As is known, many pourable food products, such as fruit juice, UHT (ultra-high-temperature treated) milk, wine, tomato sauce, etc., are sold in packages made of sterilized packaging material.
A typical example of this type of package is the parallelepiped-shaped package for liquid or pourable food products known as Tetra Brik Aseptic (registered trademark), which is made by folding and sealing laminated strip packaging material.
The packaging material has a multilayer structure substantially comprising a base layer for stiffness and strength, which may comprise a layer of fibrous material, e.g. paper, or mineral-filled polypropylene material, and a number of lamination layers of heat-seal plastic material, e.g. polyethylene films, covering both sides of the base layer.

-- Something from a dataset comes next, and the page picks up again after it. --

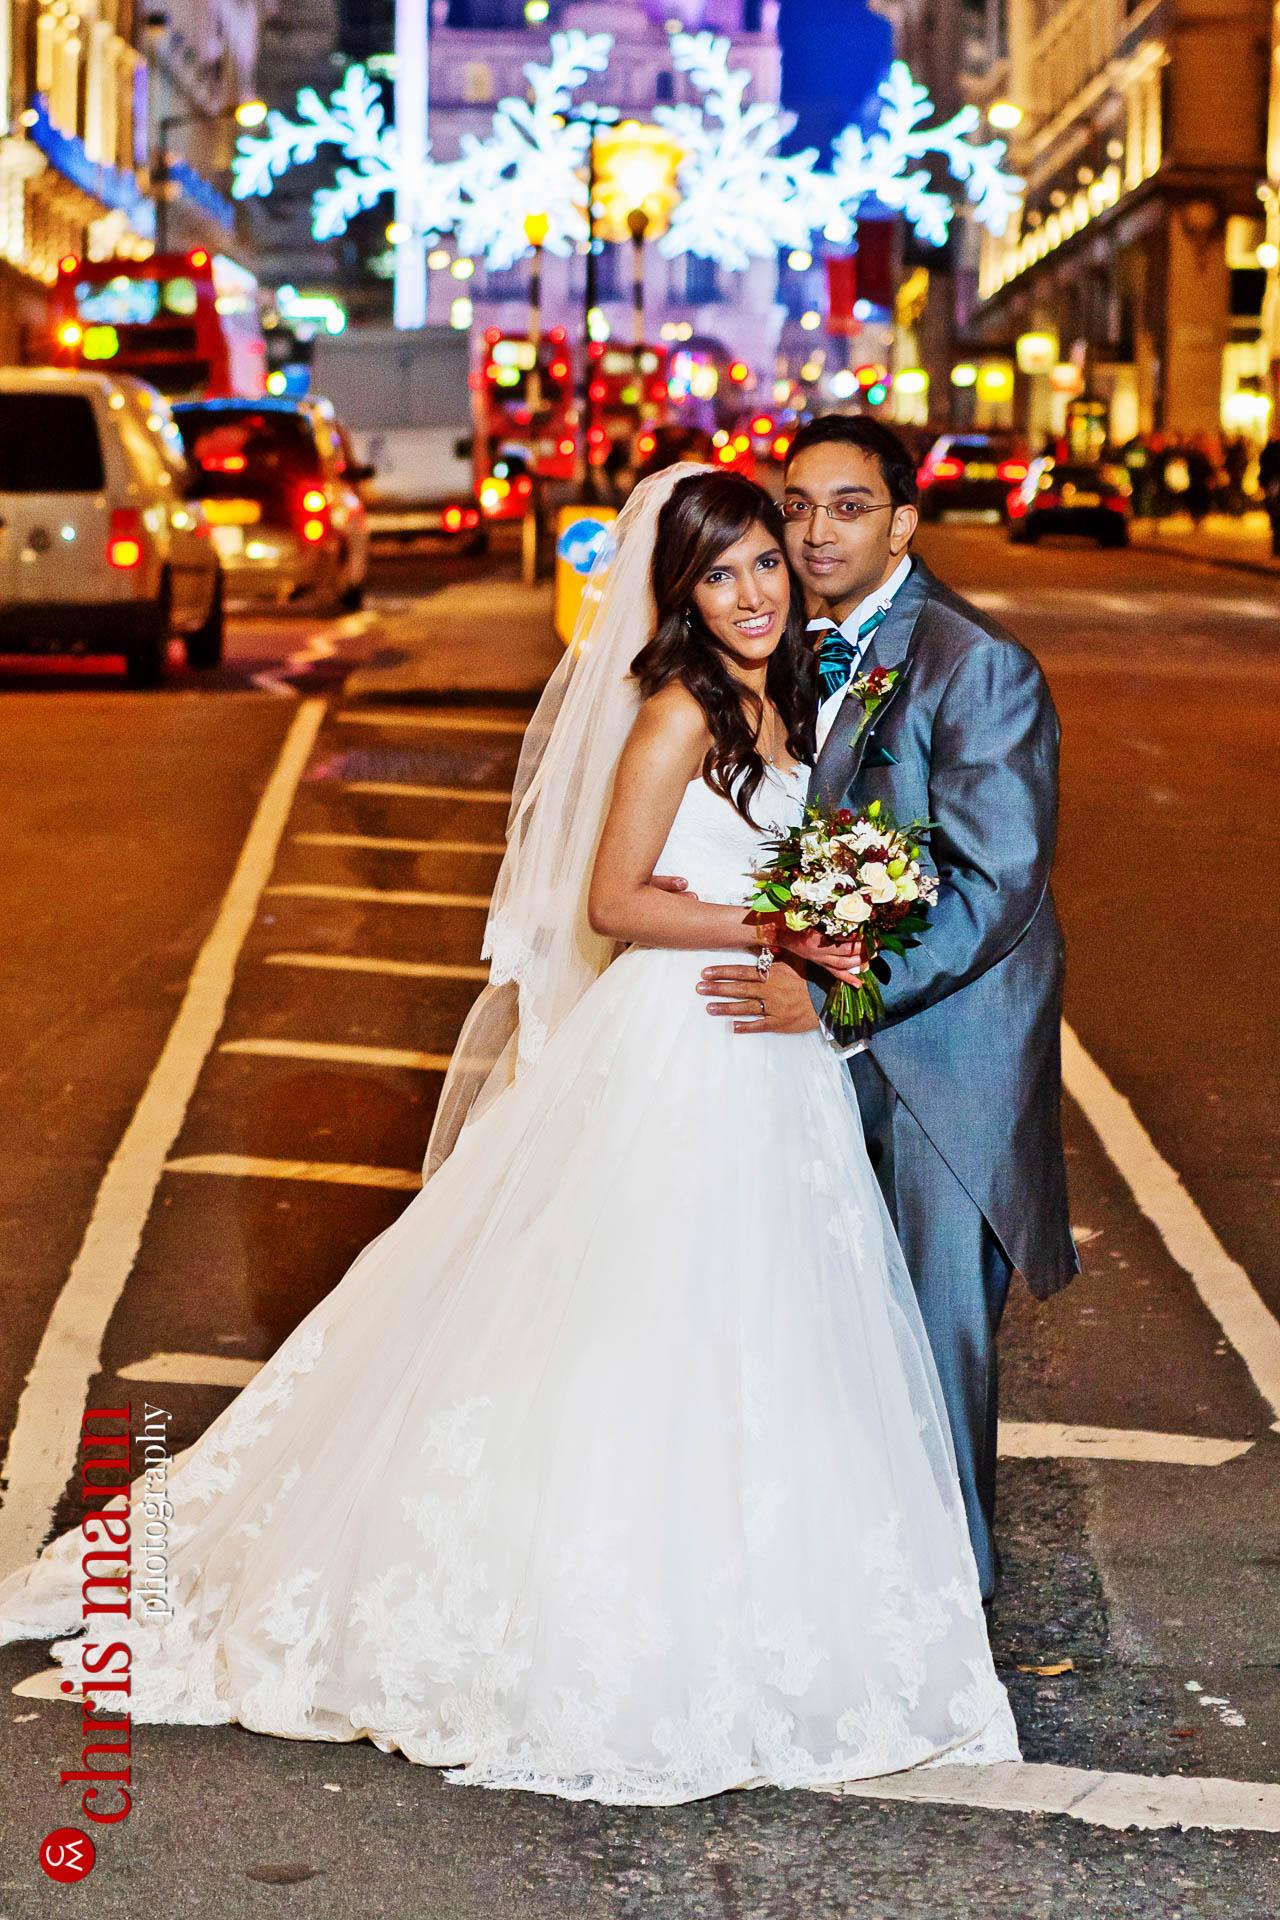 London-Hindu-wedding-IOD-Pall-Mall-036

In the case of aseptic packages for long-storage products, such as UHT milk, the packaging material also comprises a layer of gas-barrier material, e.g. aluminium foil or ethyl vinyl alcohol (EVOH) film, which is superimposed on a layer of heat-seal plastic material, and is in turn covered with another layer of heat-seal plastic material forming the inner face of the package eventually contacting the food product.
Packages of this sort are normally produced on fully automatic packaging machines, on which a continuous tube is formed from the web-fed packaging material; the web of packaging material is sterilized on the packaging machine, e.g. by applying a chemical sterilizing agent, such as a hydrogen peroxide solution, which, once sterilization is completed, is removed from the surfaces of the packaging material, e.g. evaporated by heating; the web of packaging material so sterilized is then maintained in a closed, sterile environment, and is folded and sealed longitudinally to form a vertical tube.

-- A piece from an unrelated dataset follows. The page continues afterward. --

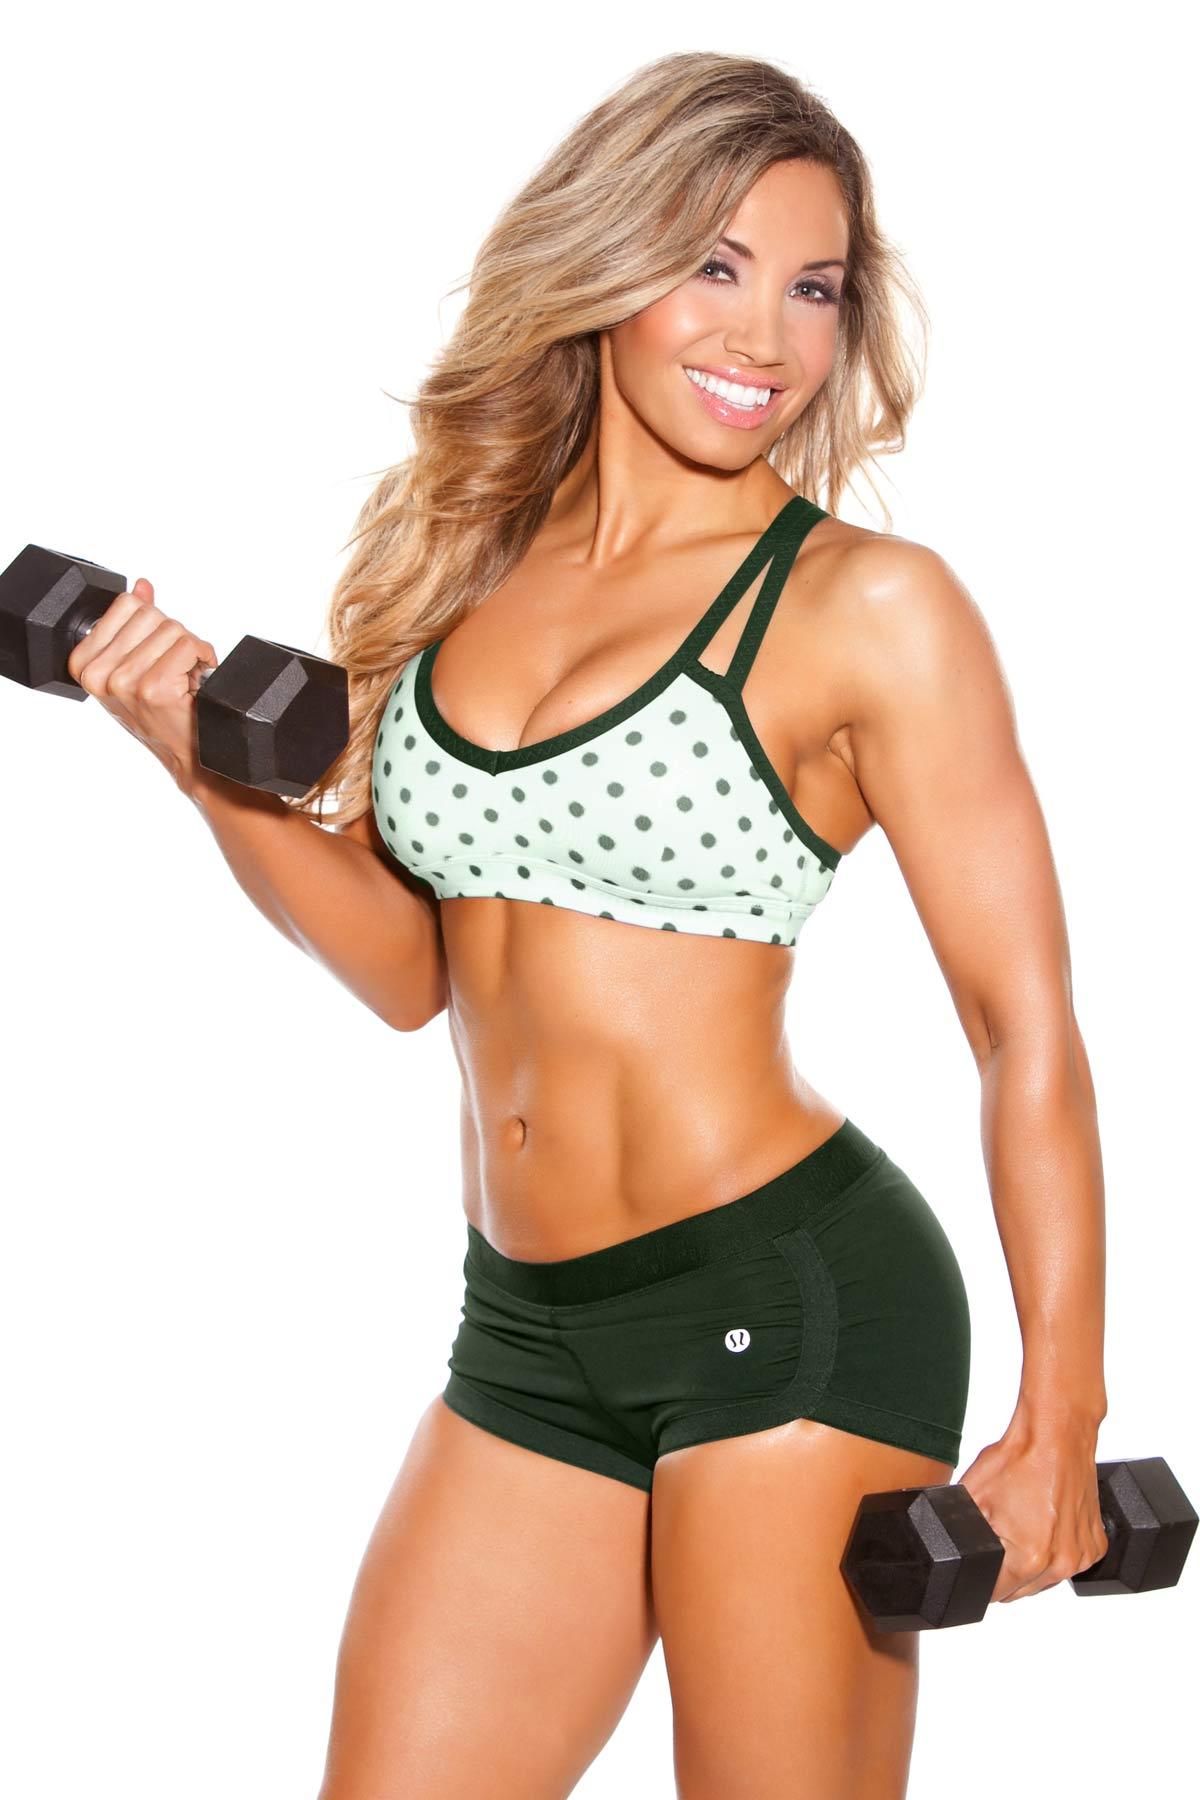 Lyzabeth Lopez Canadian Fitness Model

The tube is filled with the sterilized or sterile-processed food product, and is sealed and subsequently cut along equally spaced cross sections to form pillow packs, which are then folded mechanically to form respective finished, e.g. substantially parallelepiped-shaped, packages.
Alternatively, the packaging material may be cut into blanks, which are formed into packages on forming spindles, and the packages are filled with the food product and sealed. One example of this type of package is the so-called “gable-top” package known by the trade name Tetra Rex (registered trademark).
To open the packages described above, various solutions have been proposed, including reclosable opening devices made of plastic material and substantially comprising a spout, e.g. tubular, defining a through opening and fitted to a hole in a wall of the package, and a removable, e.g. screw or hinged, cap fitted to and outwardly closing the spout.
When producing the opening device, the opening of the spout is sealed by a plastic confetti portion connected integrally to the spout and detachable from it along a smaller-section annular tearable membrane; on the side facing the cap, the confetti portion has an integral projecting pull ring, the free end of which is pulled by the user to detach the confetti portion from the spout along the tearable membrane and so open the product pour opening. More specifically, the pull ring extends inside, and at a predetermined distance from, the spout.
Using the opening devices described, the package is easy to open, with a reasonable amount of effort required of the user, and the confetti portion is detached neatly from the spout.
The same does not apply, however, in the case of packages requiring not only liquid but also gas sealing where the opening device is fitted to the packaging material.
In such cases, solutions are known in which the confetti portion of the opening device is fixed directly over a prelaminated hole in the packaging material, i.e. a hole formed in the base layer only and covered by the other lamination layers, including the layer of gas-barrier material.
Using this solution, opening the package calls not only for detaching the confetti portion from the spout, but also for tearing the layer of barrier material against the edge of the hole through the base layer. With commonly used barrier materials, such as aluminium, this invariably results in an increased effort by the user to unseal the package and in a jagged, frayed edge of the hole, thus impairing smooth pour-out of the food product.
In order to solve this problem, the Applicant devised a method and apparatus, disclosed in EP-A-2008787, for injection molding the opening device directly on the prelaminated hole of the packaging material.
In practice, the molten plastic material is injected onto one side of the prelaminated hole to cover it up to an annular peripheral portion thereof and to form, in this way, a plastic confetti portion directly attached to the prelaminated hole; the molten plastic material is then forced to pierce the prelaminated hole at such annular peripheral portion to form a pouring spout of the opening device projecting from an opposite side of the prelaminated hole and attached to the confetti portion through a smaller-section annular membrane connection portion adapted to be torn by the user to open the package.
In this way, the material forming the prelaminated hole is first pierced through and then resealed by the plastic material forming the spout. Therefore, the resulting package has the necessary gas-sealing properties, while at the same time is easier to open than known packages with gas barrier.
The Applicant however observed that, during the injection operations, the prelaminated hole was not always regularly pierced on the confetti portion side, but tended to break on the spout side. This caused portions of the material of the prelaminated hole to be entrapped into the plastic material forming the tearable membrane, so making this solution not completely satisfactory as to the effort required to the user to unseal the package and the pouring quality.